According to Attorney Evangeline Mitchell, founder and editor-in-chief of the magazine, “The magazine was created to assist Blacks in becoming more well-educated and sophisticated legal education consumers. It is designed to assist them in making more informed and thoughtful decisions about pursuing law school so that they can better understand what they are getting themselves into and what it really takes to succeed if they decide to pursue this challenging path.”


Based on recent statistics, the majority of African Americans who apply to law school don’t get in. The magazine’s founder believes that this is due, in part, to a lack of good, credible information given early. She believes that the Black community should be told what it takes to be more excellent, strategic, and competitive applicants for graduate and professional school early on, as well as the realities of what it takes to succeed in law school environments and after earning the degree.
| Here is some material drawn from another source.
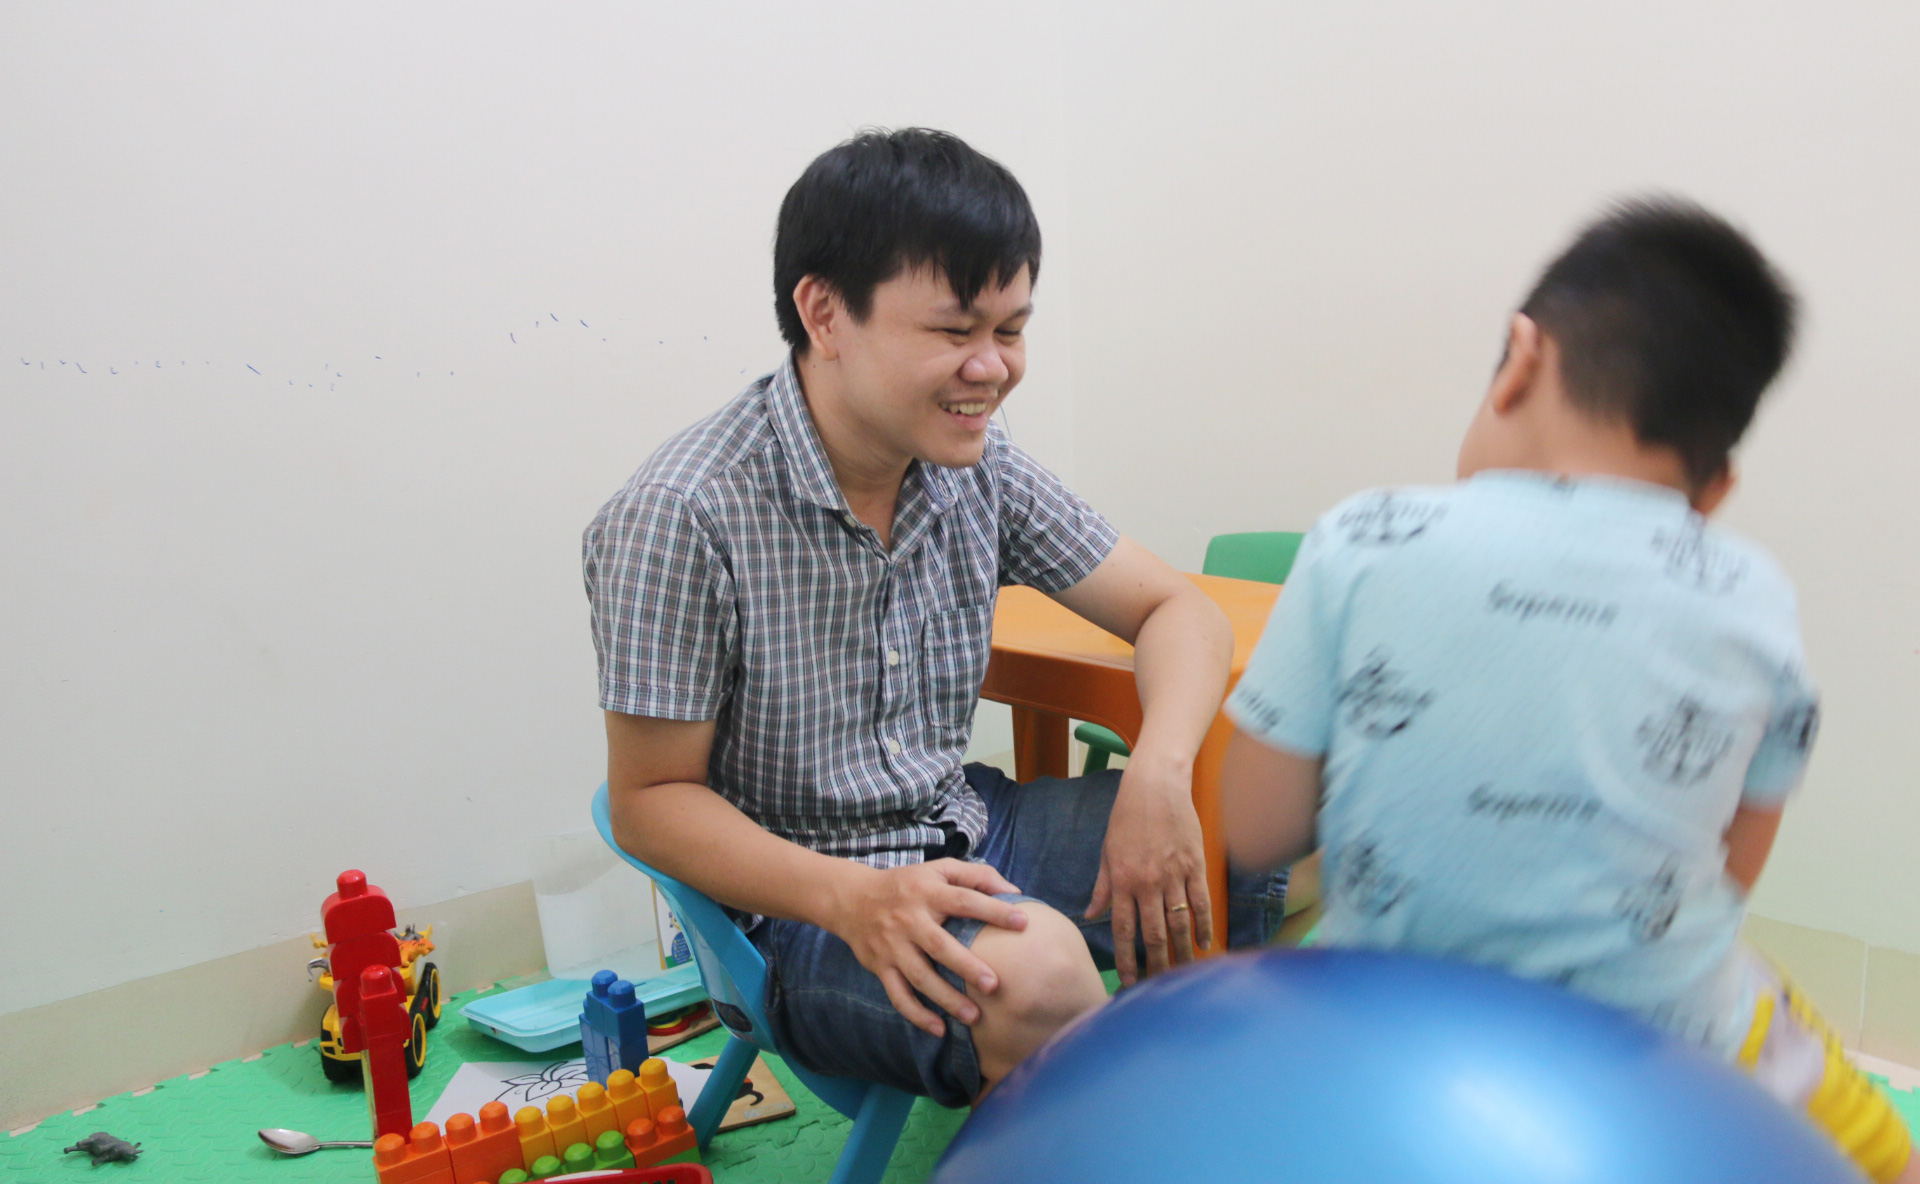 In central Vietnam, special education teacher devotes over a decade to autistic children

One of the goals of the magazine is to share this type of information in an engaging, accessible way. She aims to make sure this magazine gets distributed throughout the African American community nationally from as early as middle school when children begin to think more seriously about and explore future career choices.


BLACK PRE-LAW magazine provides information on several areas of interest to those who hope to attend law school one day – from what applicants must do to get in, what law school is really like, law school preparation, current issues in legal education, the value of a legal education, paying for law school, the legal profession, alternative careers, networking and relationship building, and more. Moreover, the magazine is unafraid to tackle some of the more “controversial” issues affecting legal education such as affirmative action, diversity in law schools, reasons not to pursue law school, legal education reform, the changing legal job market, and the realities of law school debt.
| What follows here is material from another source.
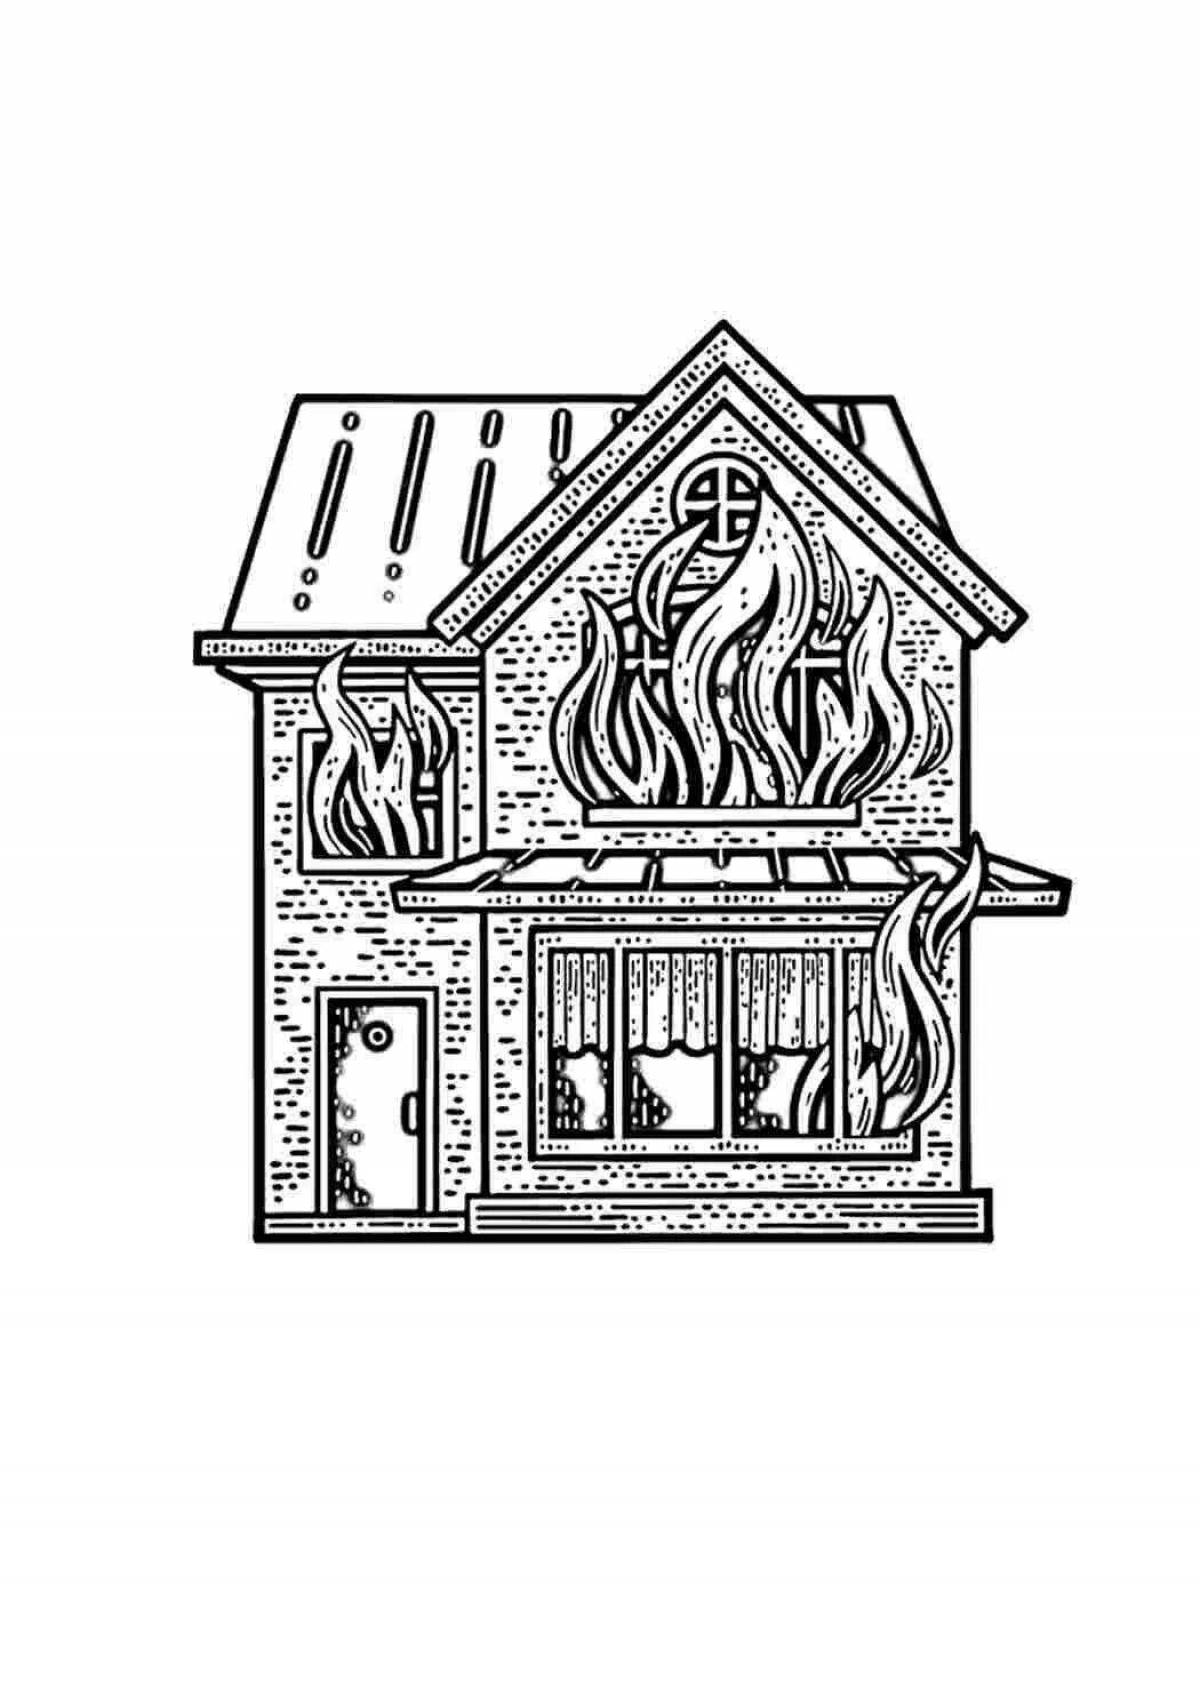 Outstanding burning house coloring book for kids

Furthermore, it provides beautiful, positive images of studious, ambitious, and professional Black people, and profiles and interviews of real-life people of African descent who are either aspiring to become lawyers, working toward their legal education, or who are already there. These images enable African Americans with law school aspirations to see what they want to be.


“The pages are filled with not only wonderful images, but also real wisdom and insight from Black people who come from similar social, educational, and cultural backgrounds as our readers, and who have done or are doing what they want to do. Most importantly, we feature those who want to see others succeed and make sure that opportunities are available for those coming behind them. The genuine spirit behind this magazine and those who contribute to it in some way is a shared belief that true success is collective, so we should be willing to share the lessons of what we have learned. We do this in hopes that this cycle of obtaining our goals and then giving back through sharing our experiences to lift others up continues,” shared Mitchell.
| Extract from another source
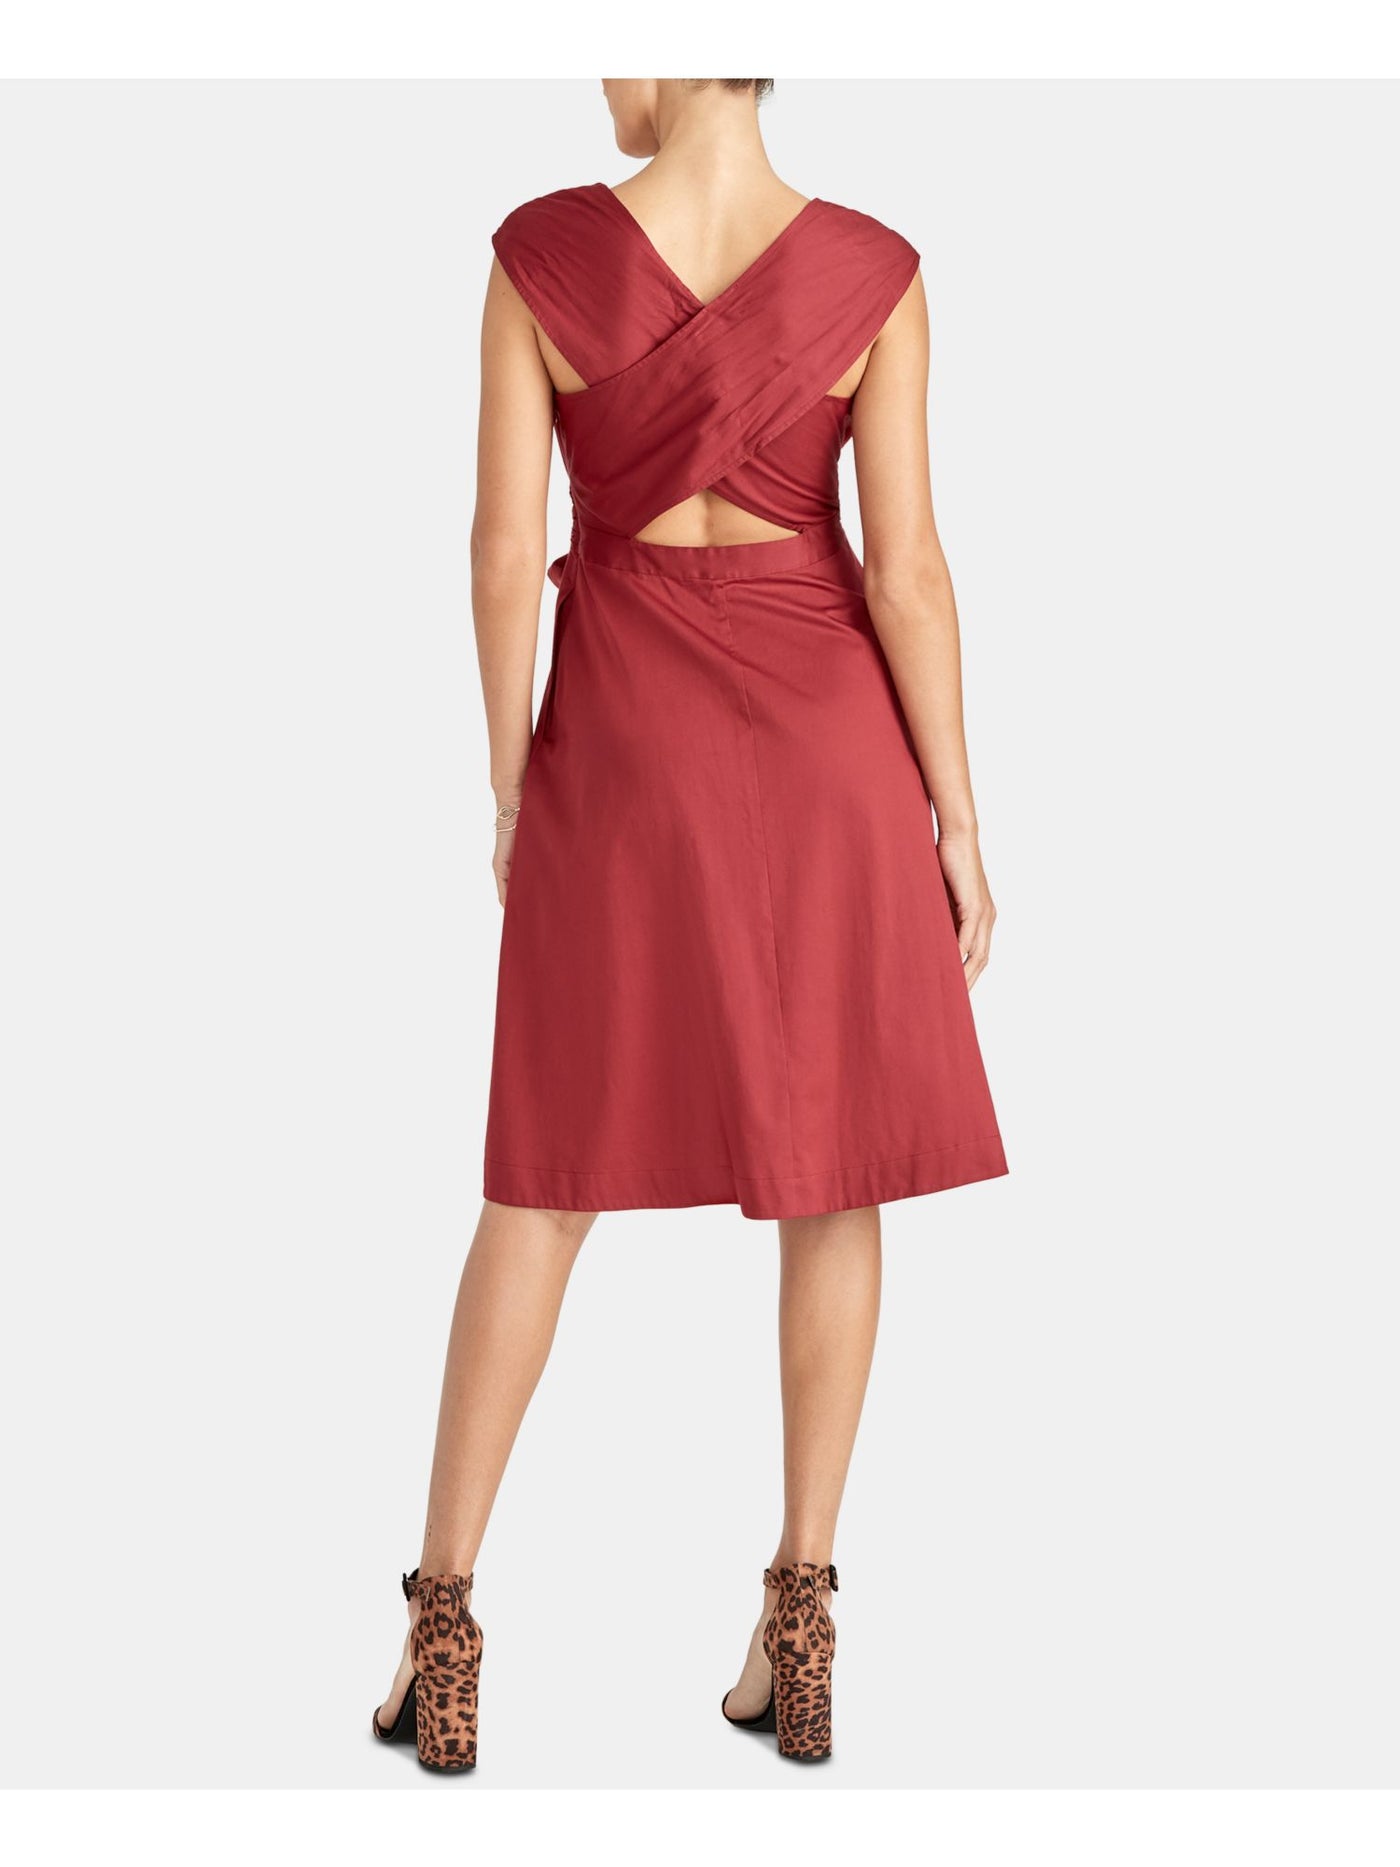 RACHEL ROY Womens Red Belted Sleeveless V Neck Knee Length Wear To Work Fit + Flare Dress 2

In addition to special features, informative articles, profiles, and interviews, the magazine also provides legal cases, concrete assignments, recommended books and movies, legal history relevant to African Americans, and other information future lawyers will want to and need to know to achieve success. The founder’s goal is to also respond to readers’ suggestions and to continue to work to make each edition better than the previous ones.


The premier issue features articles on Lloyd Gaines and the Landmark Missouri ex rel. Gaines v. Canada Supreme Court Case, Remembering Pioneering Legal Scholar and Civil Rights Activist Derrick Bell, an exclusive interview with Chibundu Nnake, national chairperson of the National Black Law Students Association (NBLSA), The Morehouse-Spelman Pre-Law Society, and special coverage of the National Black Pre-Law Conference and Law Fair. Other articles of interest in this issue include The Law School Scholarship Game, Lest We Forget: The Intrinsic Value of Legal Education, The ABCs of Law School Acceptance, Mastering the Admissions Game, Twenty Strategies to Prepare for Law School Success, and Ten Super Foods for the Brain.